You can guess what happened next. When the cuts triggered by the sustainable growth rate turned out to be unsustainable, Congress responded by averting them. Lawmakers understand: There is no voter so furious as one whose Medicare, or her Medicare-accepting doctor, is about to be messed with.

Beginning in 2003, the "doc fix" became a ritual as predictable as the cherry blossoms. Indeed, with the underlying formula unchanged, the magnitude of threatened cuts has become larger, and more unimaginable (24 percent in 2014), with each passing year.

This year could have been different. Medicare costs have dramatically slowed, significantly reducing the price -- more important in Washington, the officially scored price -- of a permanent fix. The Congressional Budget Office estimated in February that the cost would be $115 billion over 10 years, nearly a third of the estimate just two years earlier.

So the responsible approach, instead of applying a 17th Band-Aid to a broken system, would have been to ditch the sustainable growth rate, replace it with something more realistic, and pay for the difference with smaller-scale tweaks.

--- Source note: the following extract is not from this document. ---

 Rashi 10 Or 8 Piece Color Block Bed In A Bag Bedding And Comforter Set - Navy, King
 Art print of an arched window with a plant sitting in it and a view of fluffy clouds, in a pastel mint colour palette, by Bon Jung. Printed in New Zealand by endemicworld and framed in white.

Lawmakers flirted with such a long-term fix but doubled down on irresponsibility. They not only applied a one-year patch, they used budgetary prestidigitation to make some of the cost disappear, by crediting themselves now with savings a decade away. Money saved -- in theory -- more than 10 years down the road gets used to pay for real costs today. Voila! Problem solved.

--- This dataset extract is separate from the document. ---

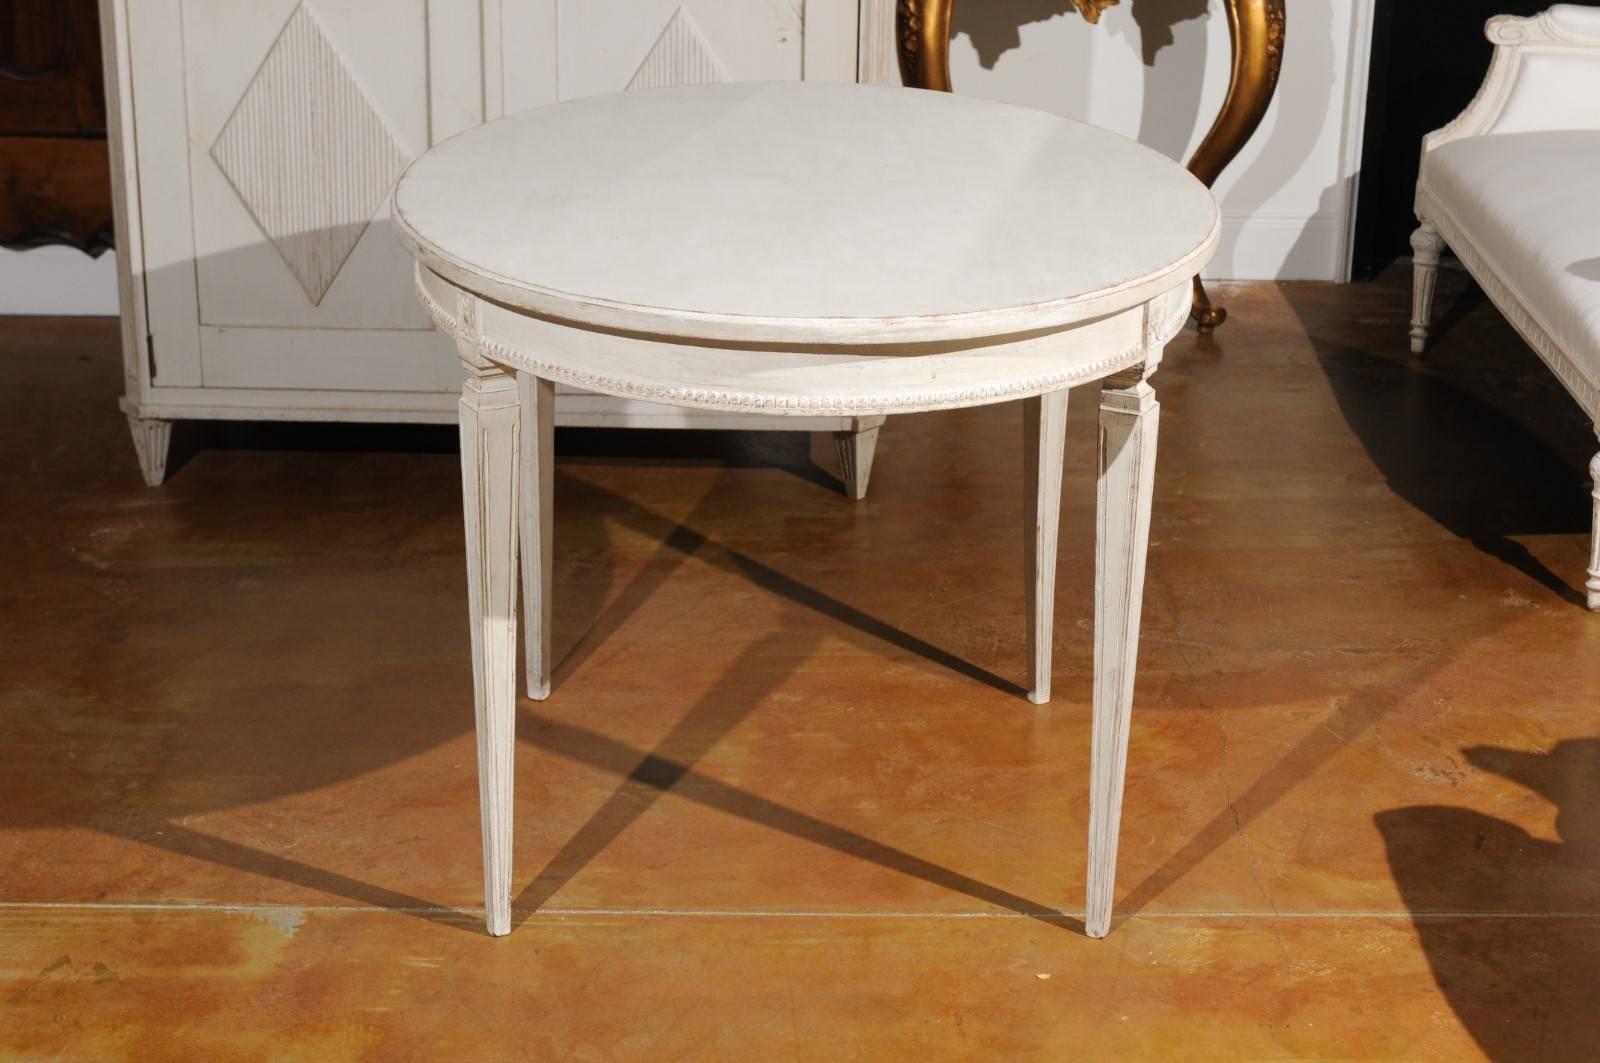 Wood Gustavian Style 1900s Swedish Painted Oval Table from Växjö with Beaded Motifs
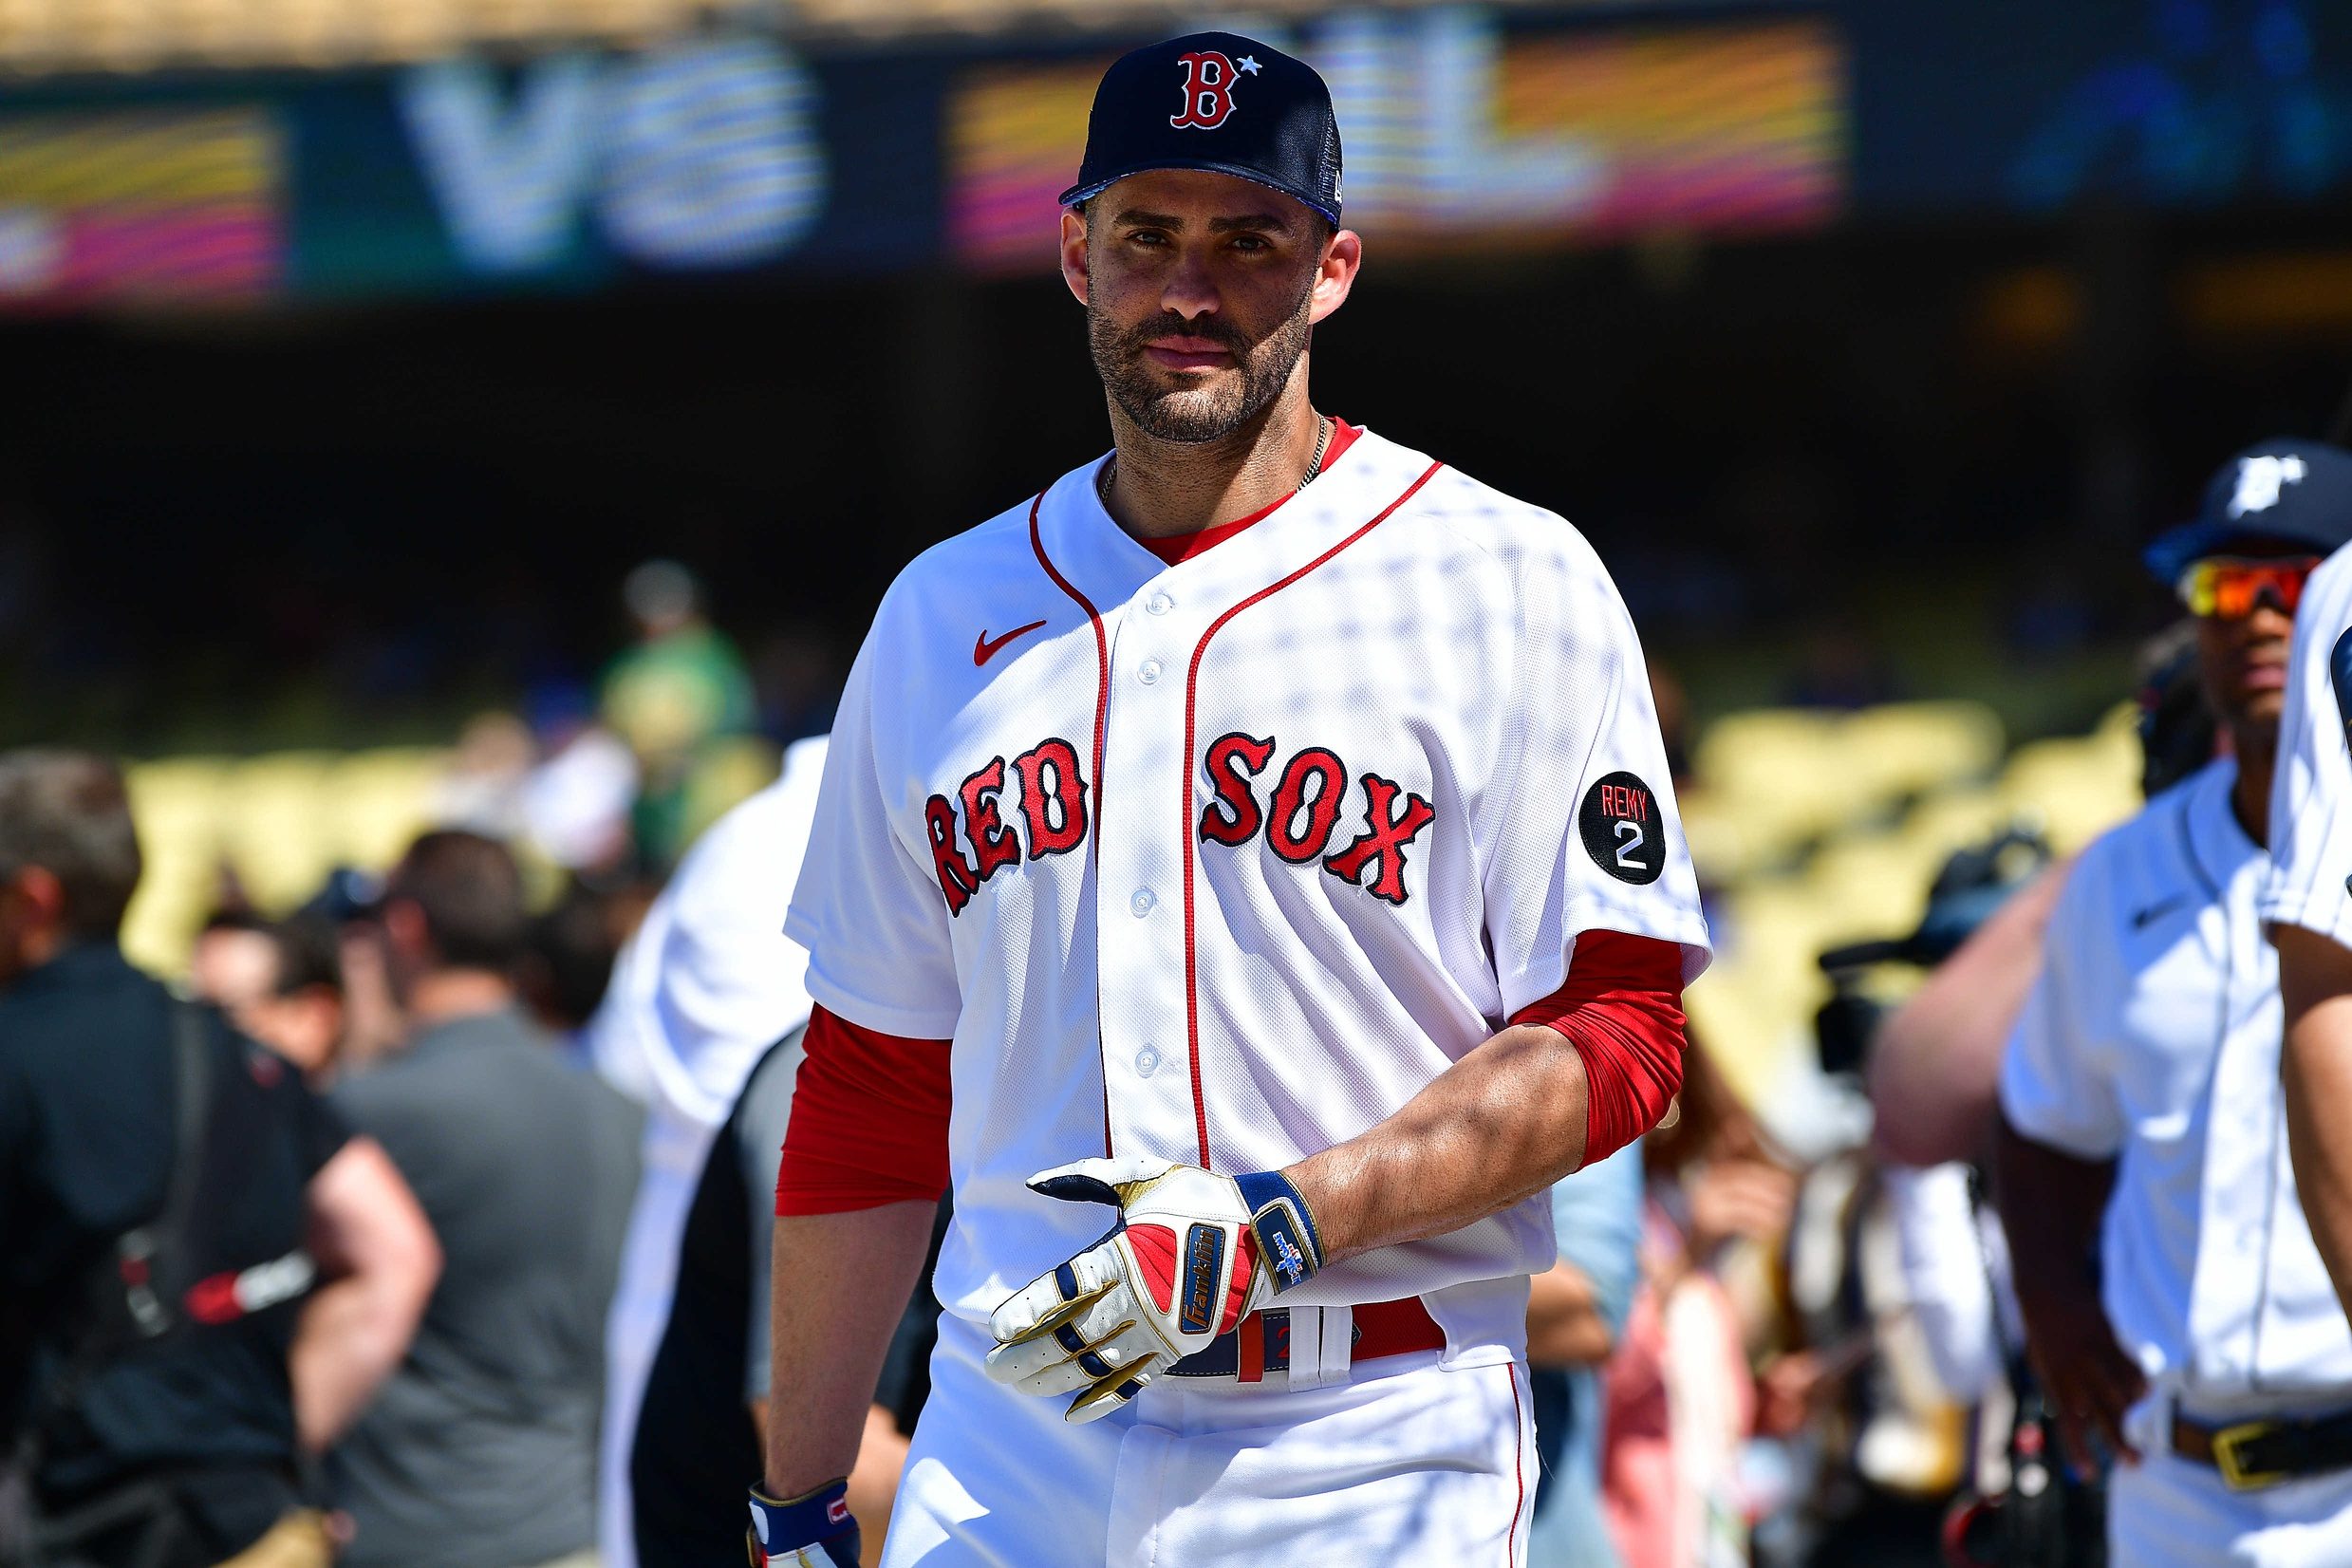 Dodgers: A Look At the Projections for JD Martinez in 2023

Next up, tax extenders, the grab bag of corporate tax breaks too popular to repeal but too costly to build into the permanent cost of the tax code. This is spending by another name, and a lot of it: $47 billion for a one-year extension, according to the Joint Committee on Taxation, $693 billion for the entire decade.

 

Extenders are the perfect obscure corner for bipartisan consensus: so mind-numbing that no regular voter will take notice, so important that legions of lobbyists, and cascades of campaign checks, are deployed on behalf of the various provisions

The correct way to handle extenders is to decide which ones are worth keeping and make them permanent, which is what House Ways and Means Committee Chairman Dave Camp commendably did in his ignored-on-arrival tax reform plan.

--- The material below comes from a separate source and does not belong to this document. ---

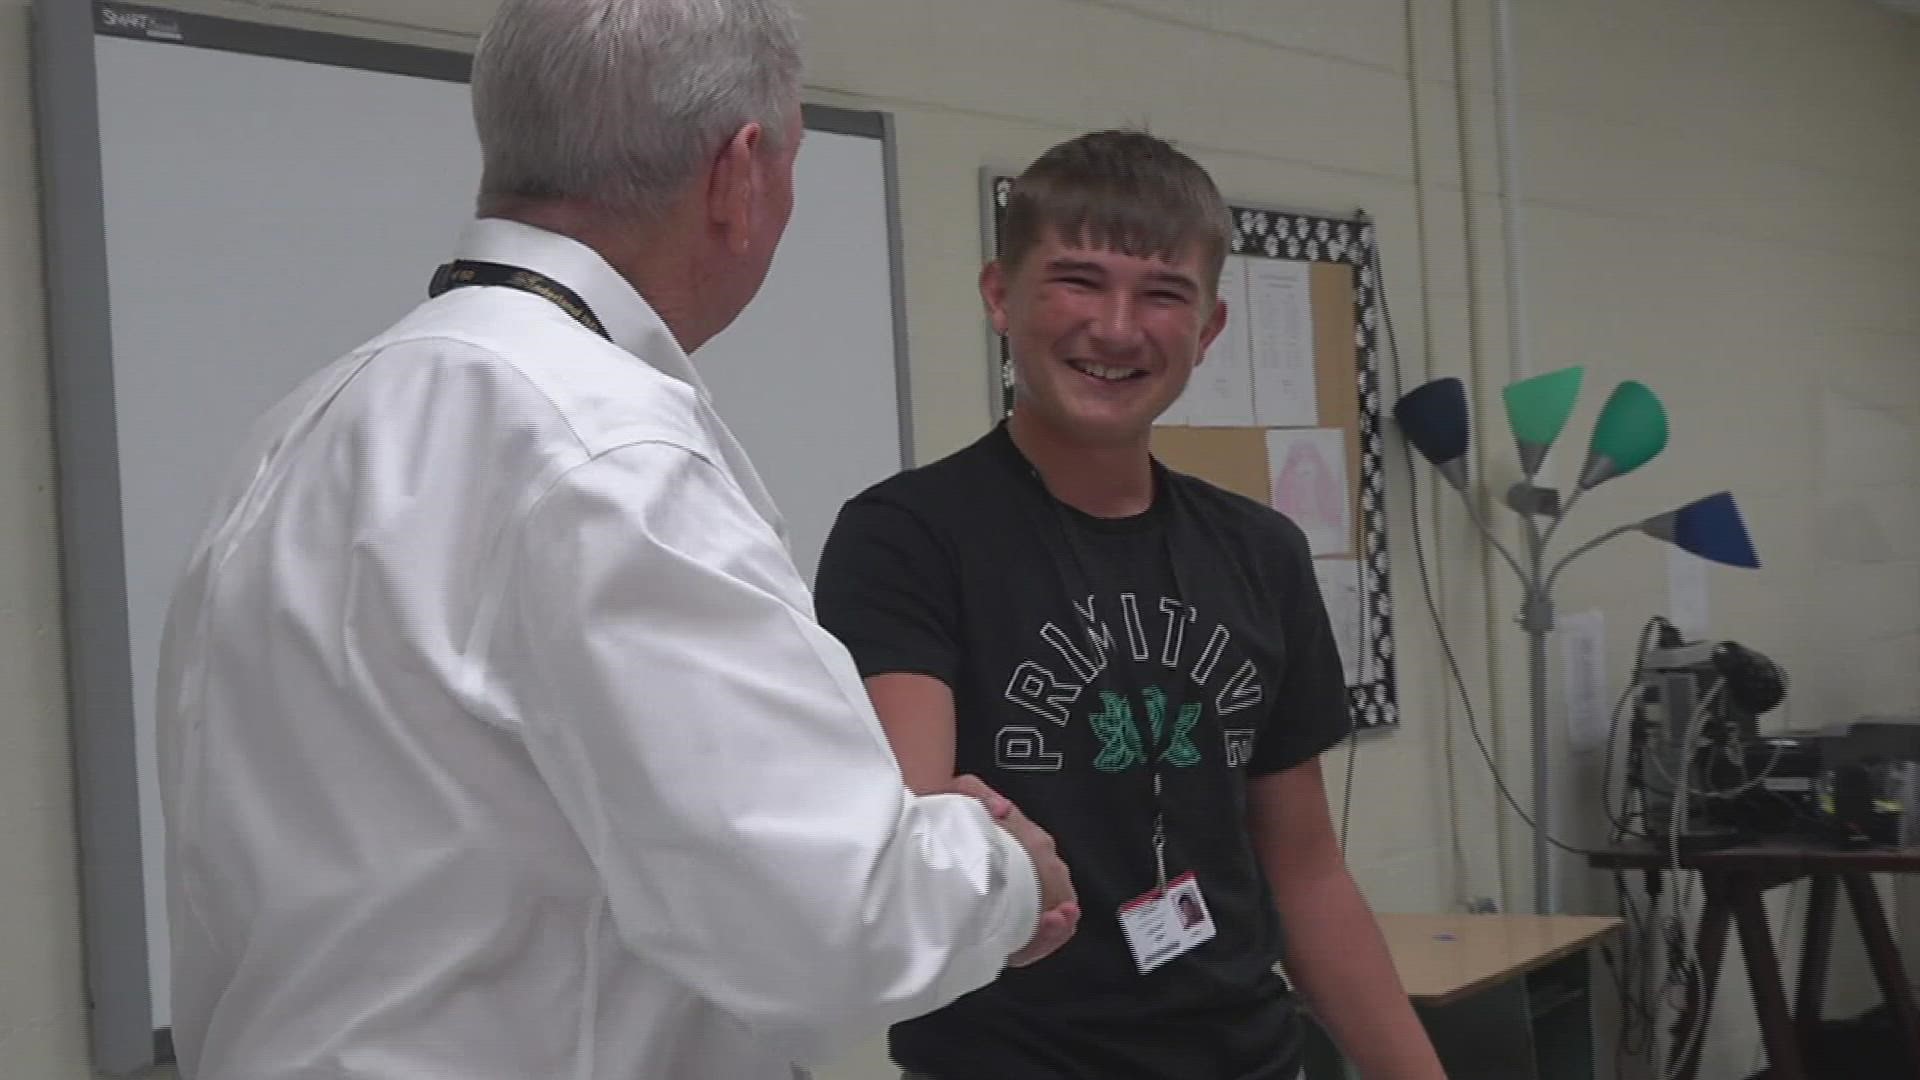 Superintendent Dr. Stuart Kirschnick awarded Jackson Winfree a hat and t-shirt for being the first student to arrive on the first day of school.

But with tax reform shelved at least until after the election -- and isn't there always one around the corner? -- the imperative arises to deal with the expiring tax provisions on their own. And with it, the twin temptations now facing Camp and his new Senate Finance Committee counterpart Ron Wyden of Oregon: Option one, extend, but just tack the cost onto the deficit tab. Option two, same, but make the extension permanent.

The second approach is expensive but appealing, because it would make it easier for lawmakers to achieve the elusive nirvana of revenue-neutral tax reform. If extenders are built into the baseline -- that is, you start by assuming tax revenue will be that much less -- it's easier to figure out how to make rates lower and still bring in enough money not to add to the deficit.

Think about it like starting a diet by setting the scale to read 10 pounds lighter. It's a lot easier, but you still end up 10 pounds too fat -- or in this case, hundreds of billions more in debt.

They say the scale doesn't lie. Washington budgets do.